# About this task:
As an exercise in exact copying, transcribe the lines below from the one holding "Walking Lead for" through the last, with both ends included and pictures left out.

# Information shown:

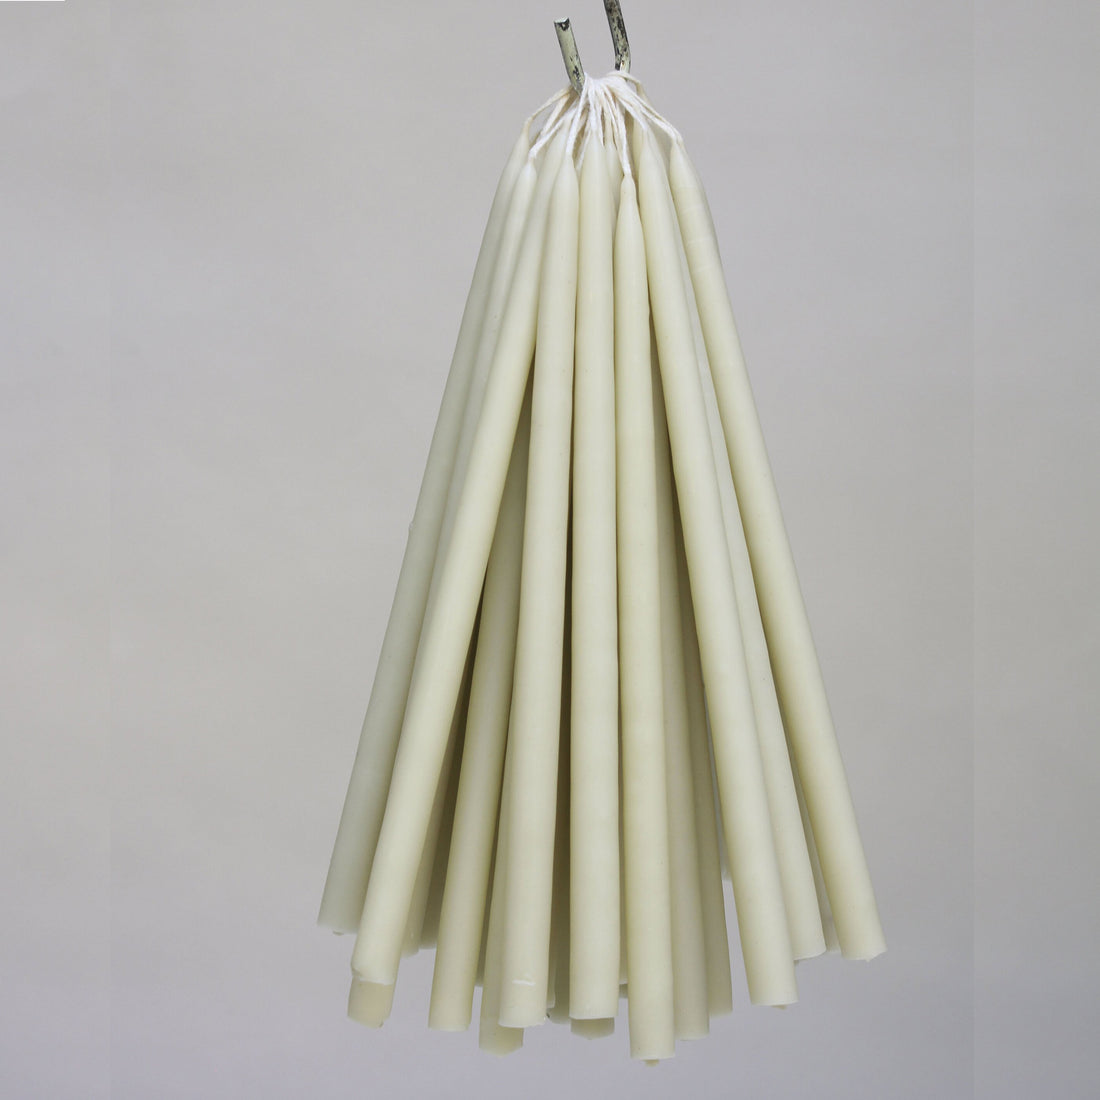 6 SLIM TAPERED BEESWAX CANDLES | MOTHER'S MILK
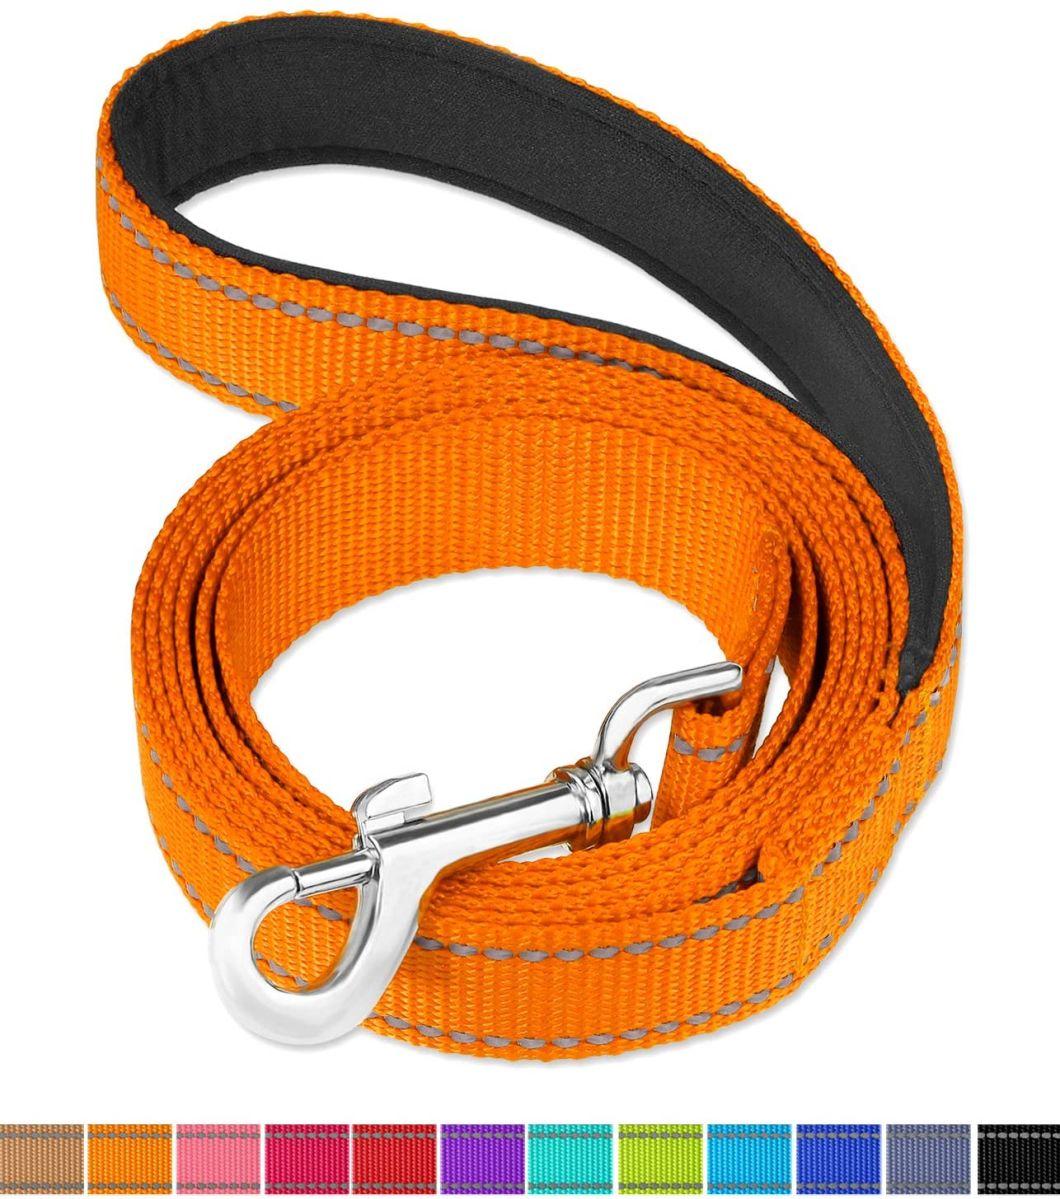 Walking Lead for Large, Medium & Small Dogs Reflective Dog Lead
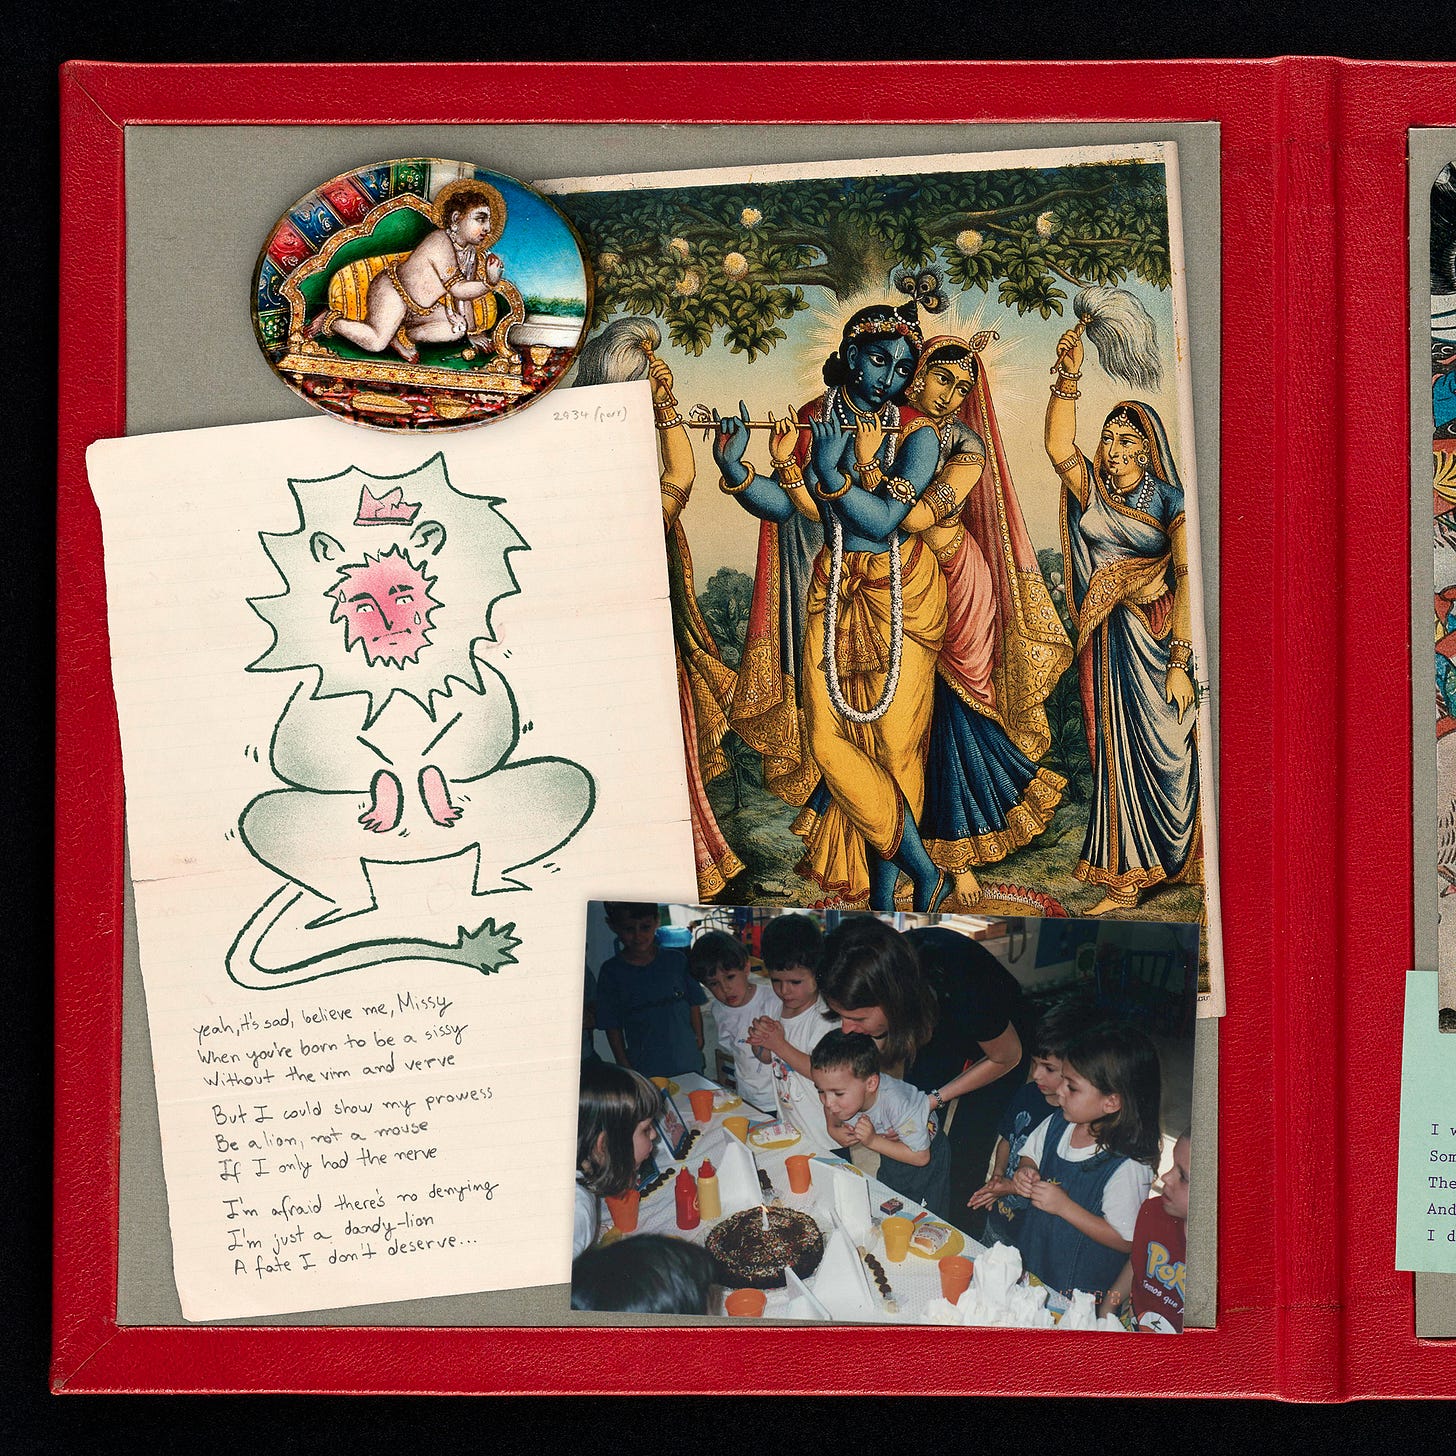 It is a zoomed version of the first image and focuses on its left side. There is a photograph depicting a child’s birthday; a notebook paper drawing of a person dressed as a lion looking distressed, accompanying some handwritten lyrics from If I Only Had the Nerve from The Wizard of Oz; and two Hindu illustrations of Bala Krishna and Radha Krishna, respectively.

# Output:
 Walking Lead for Large, Medium & Small Dogs Reflective Dog Lead
 It is a zoomed version of the first image and focuses on its left side. There is a photograph depicting a child’s birthday; a notebook paper drawing of a person dressed as a lion looking distressed, accompanying some handwritten lyrics from If I Only Had the Nerve from The Wizard of Oz; and two Hindu illustrations of Bala Krishna and Radha Krishna, respectively.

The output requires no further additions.